## Information provided
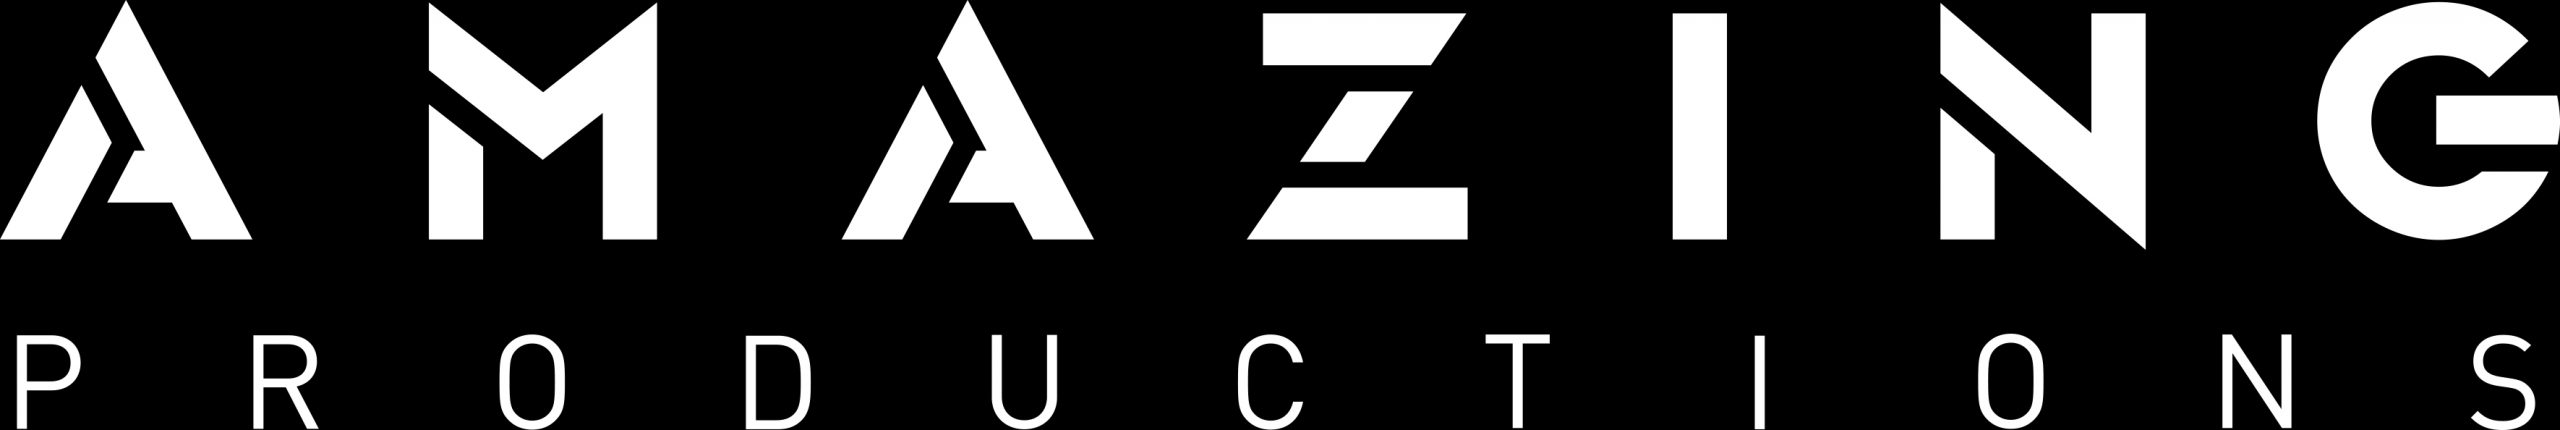 AMAZING Productions logo
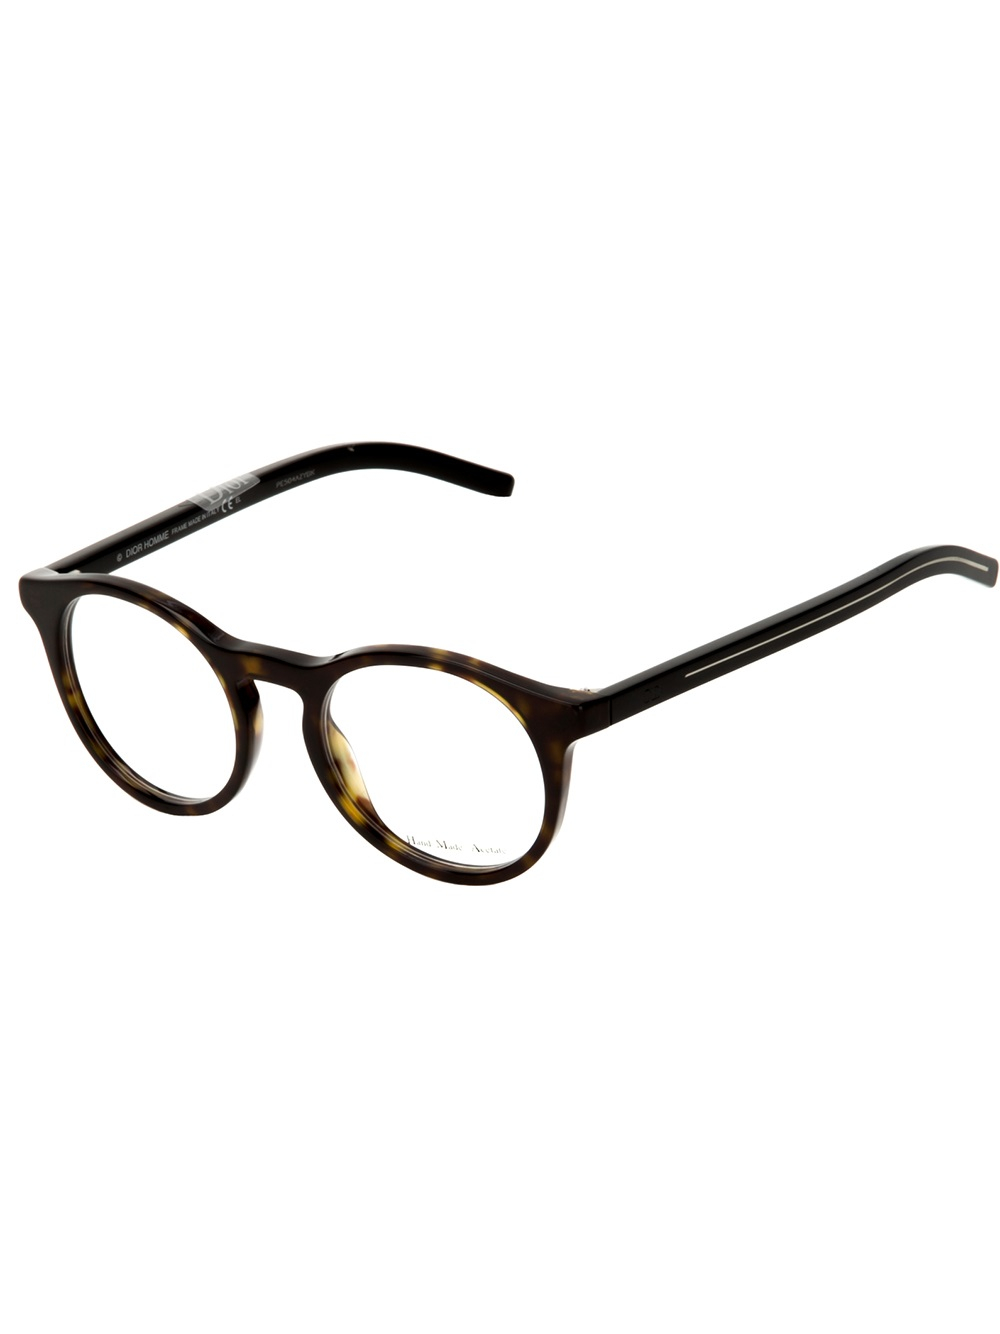 Eyebobs Glasses Neverboring Reading Glasses
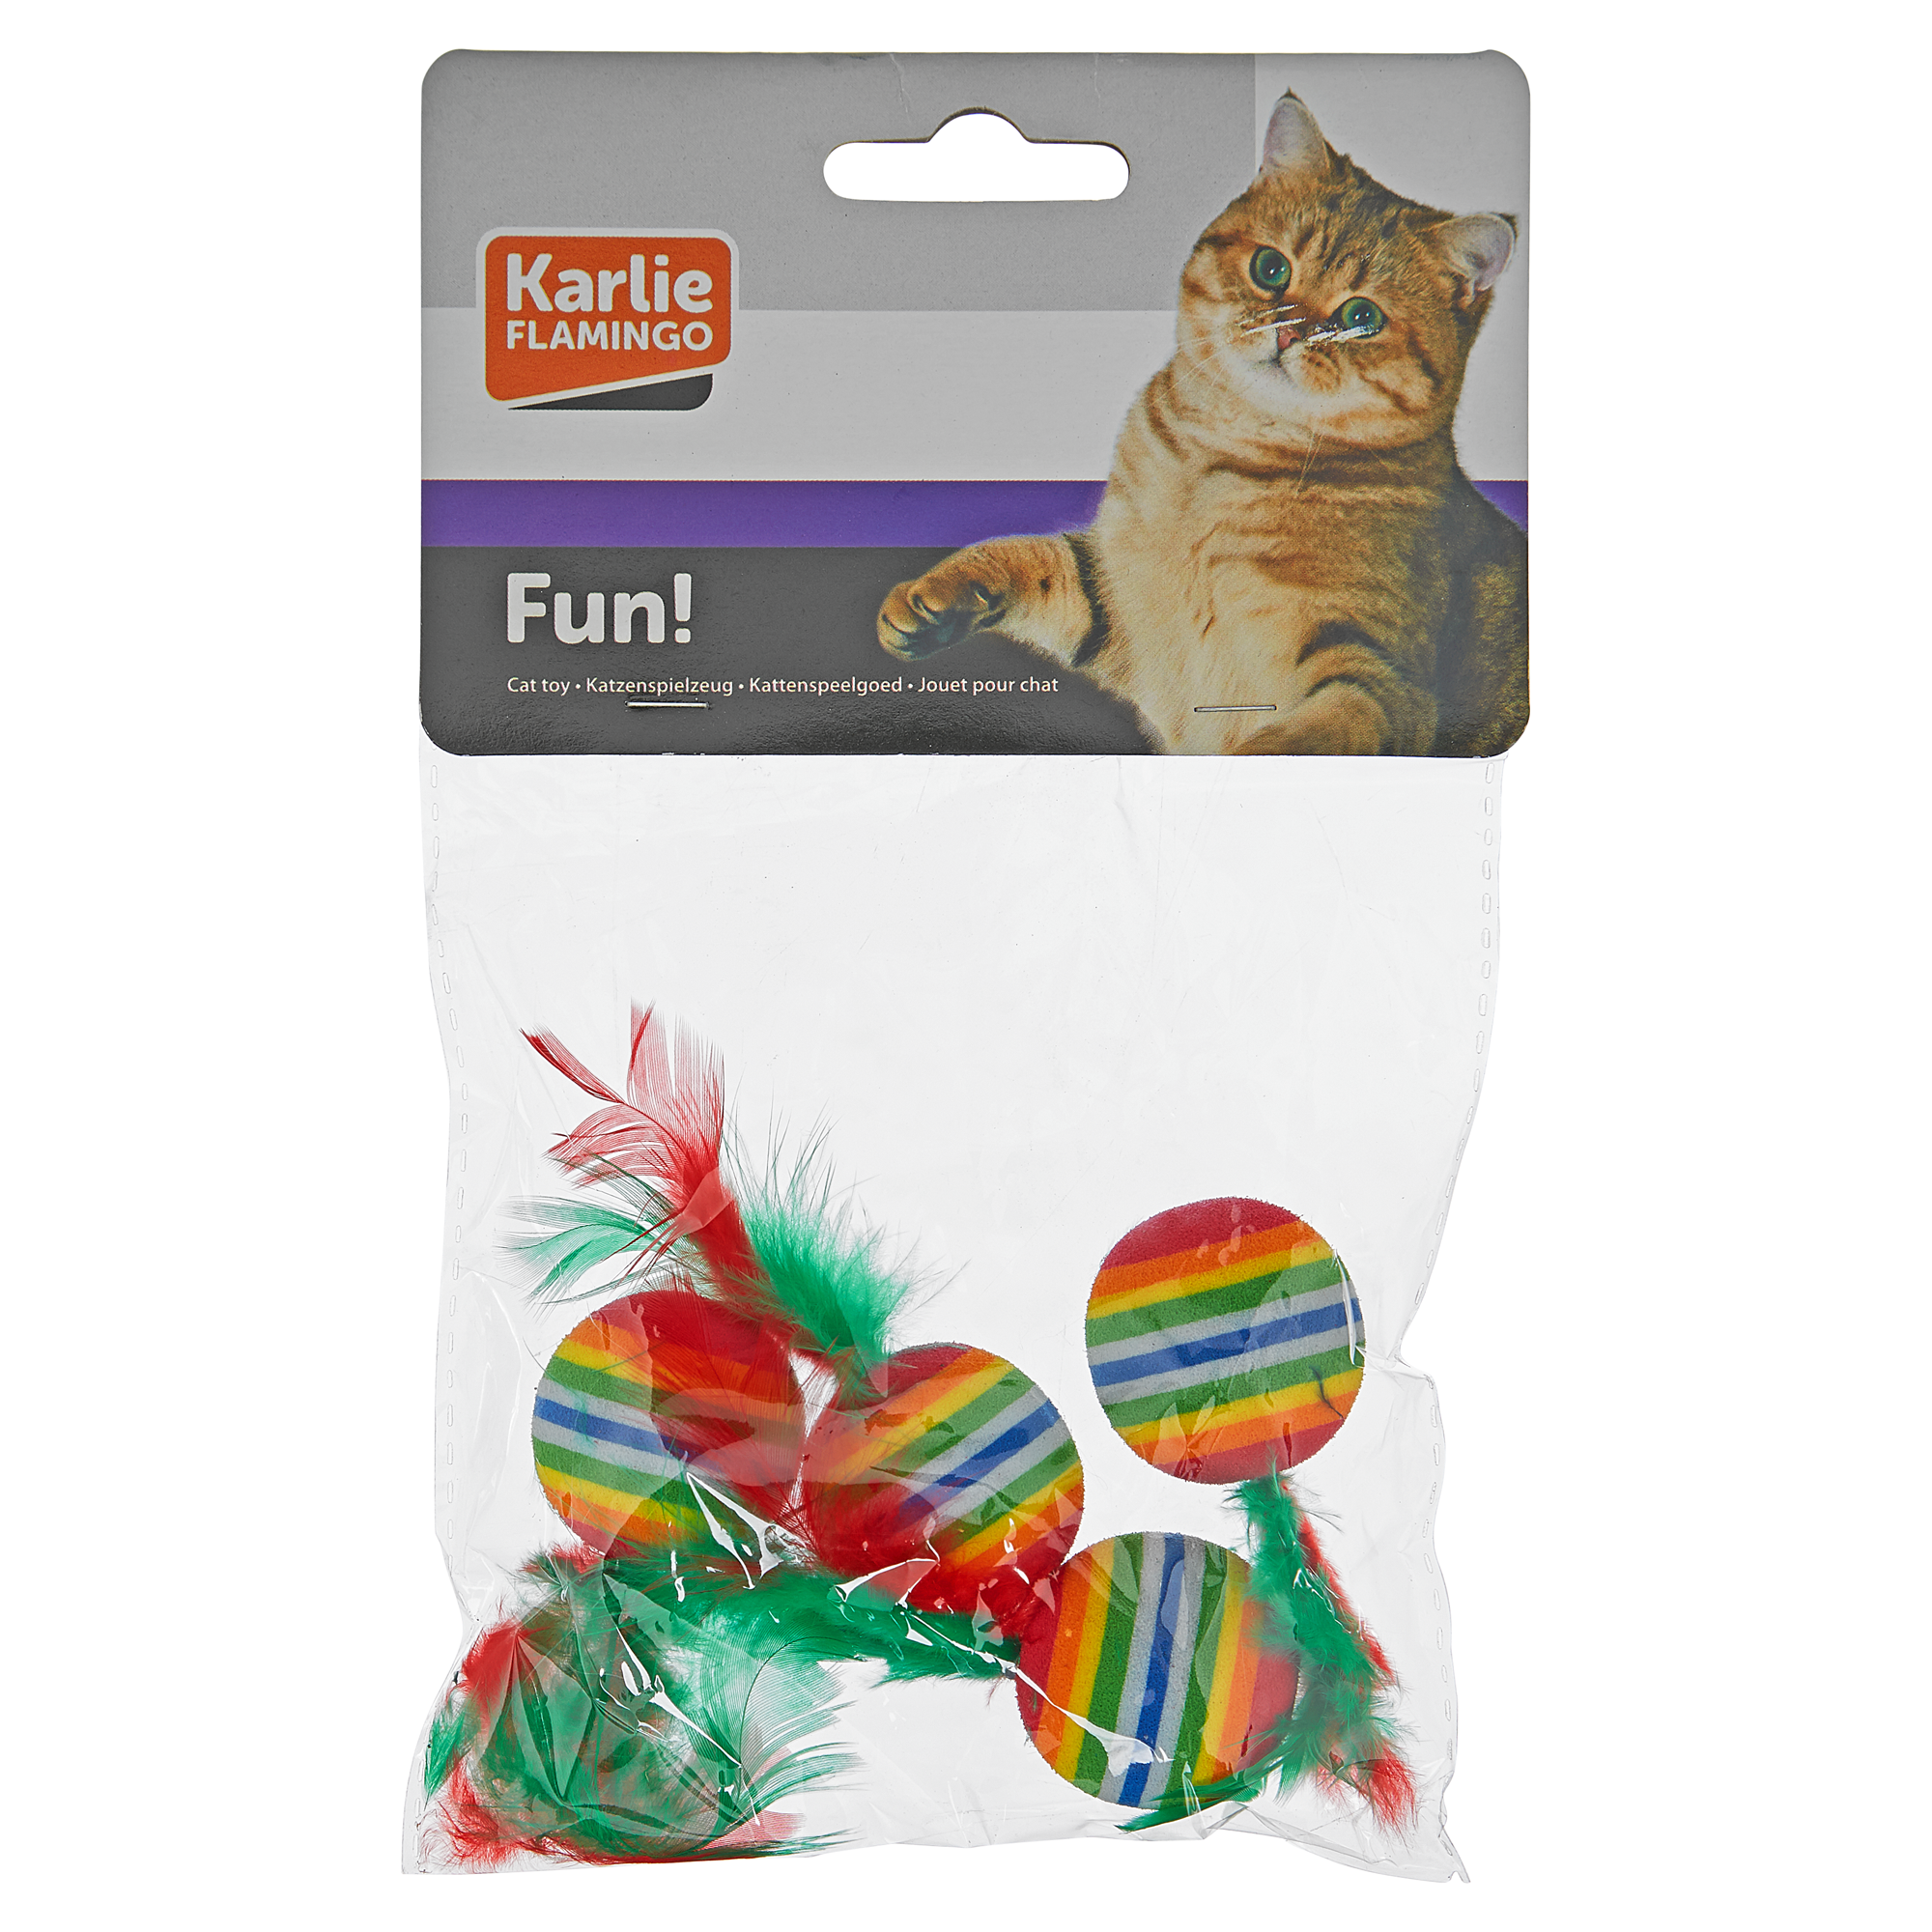 Katzenspielzeug "Fun!" Regenbogenball mit Feder 4 Stück + product picture
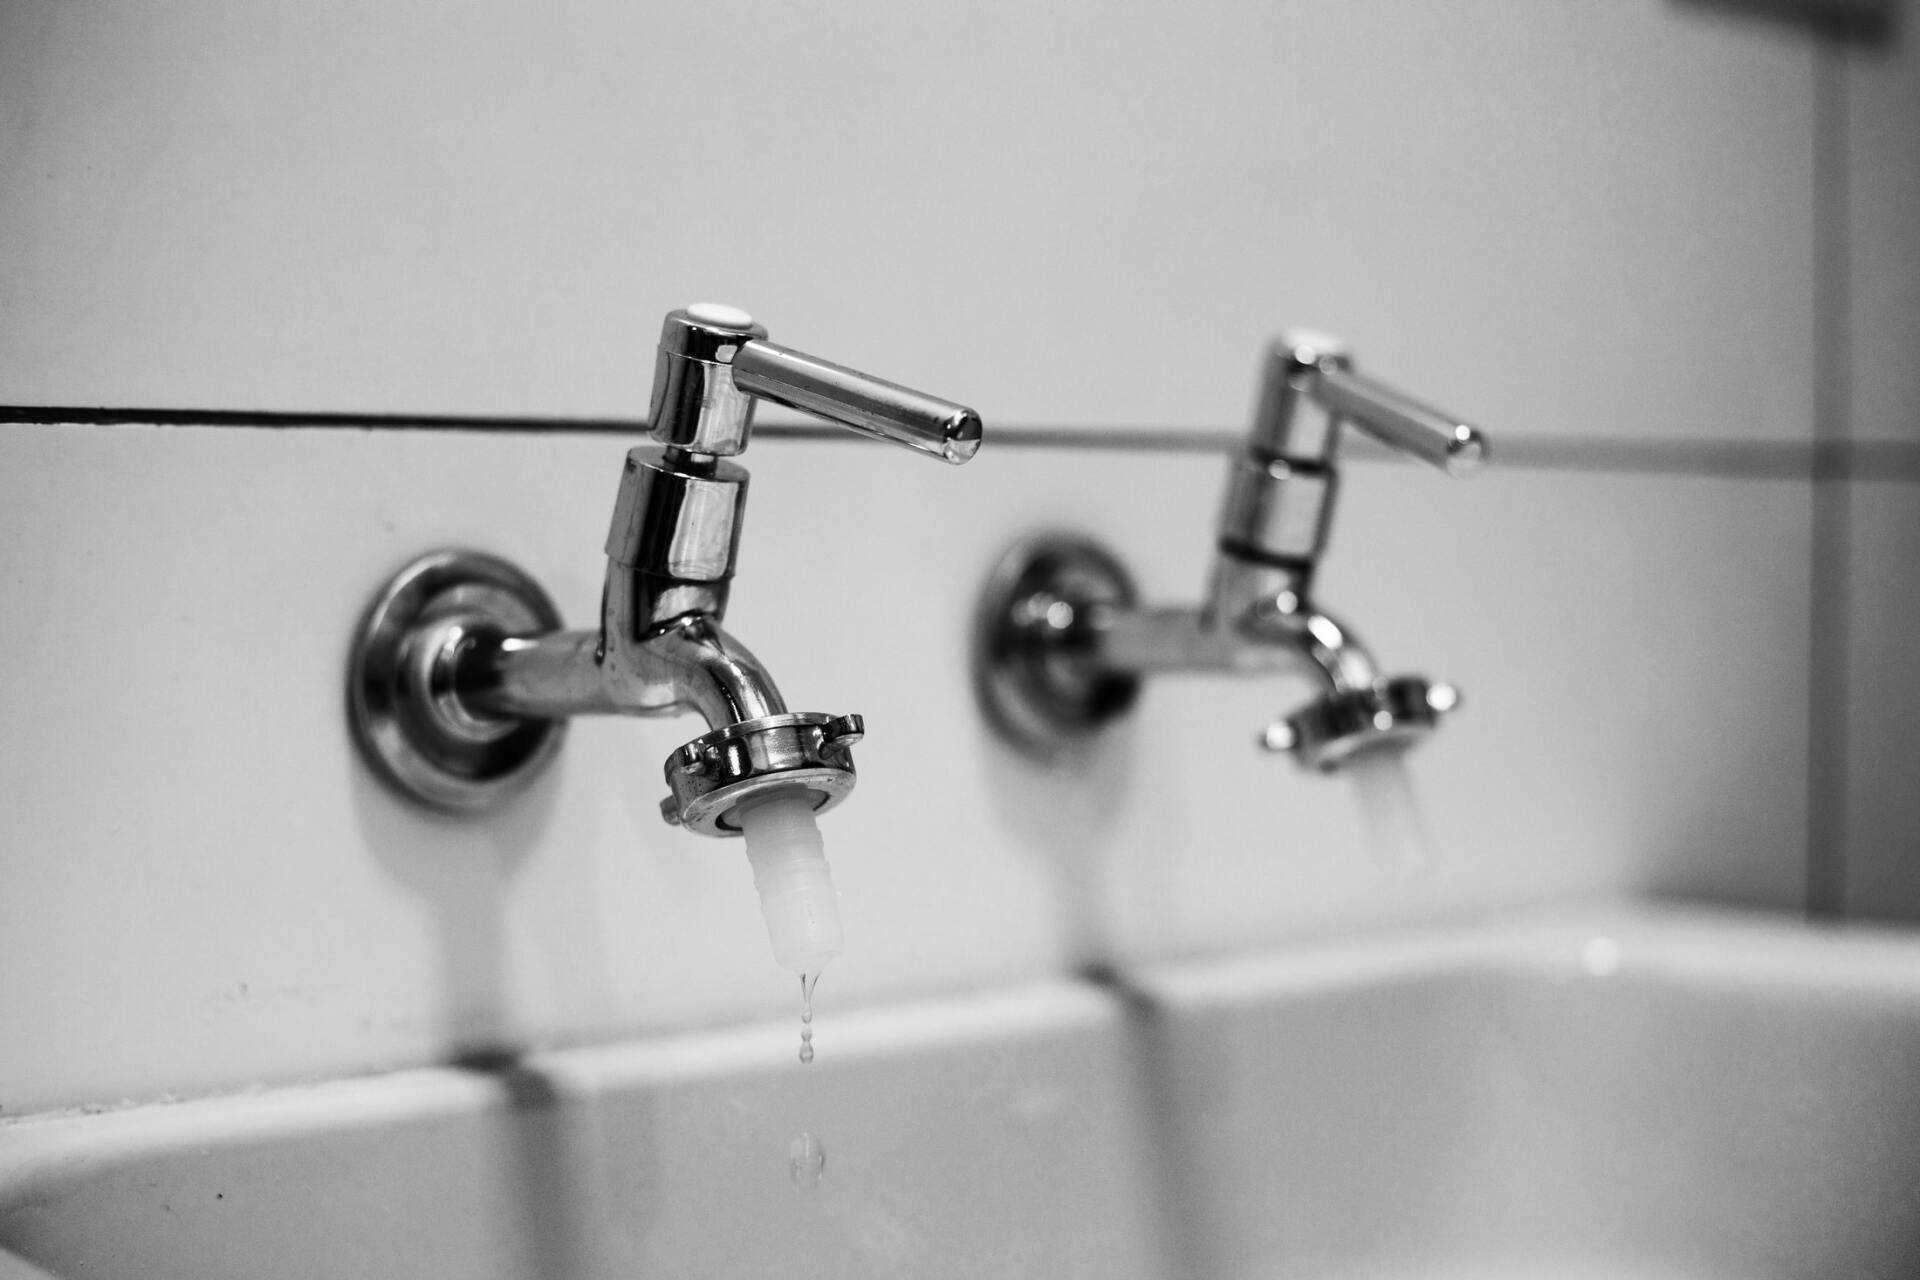 Plumbing taps

## What you need to do
Only the lines from the one containing "Stück + product picture" through the end of the listing above should be reproduced, exactly as they stand. Leave the pictures out.

## Response area
 Katzenspielzeug "Fun!" Regenbogenball mit Feder 4 Stück + product picture
 Plumbing taps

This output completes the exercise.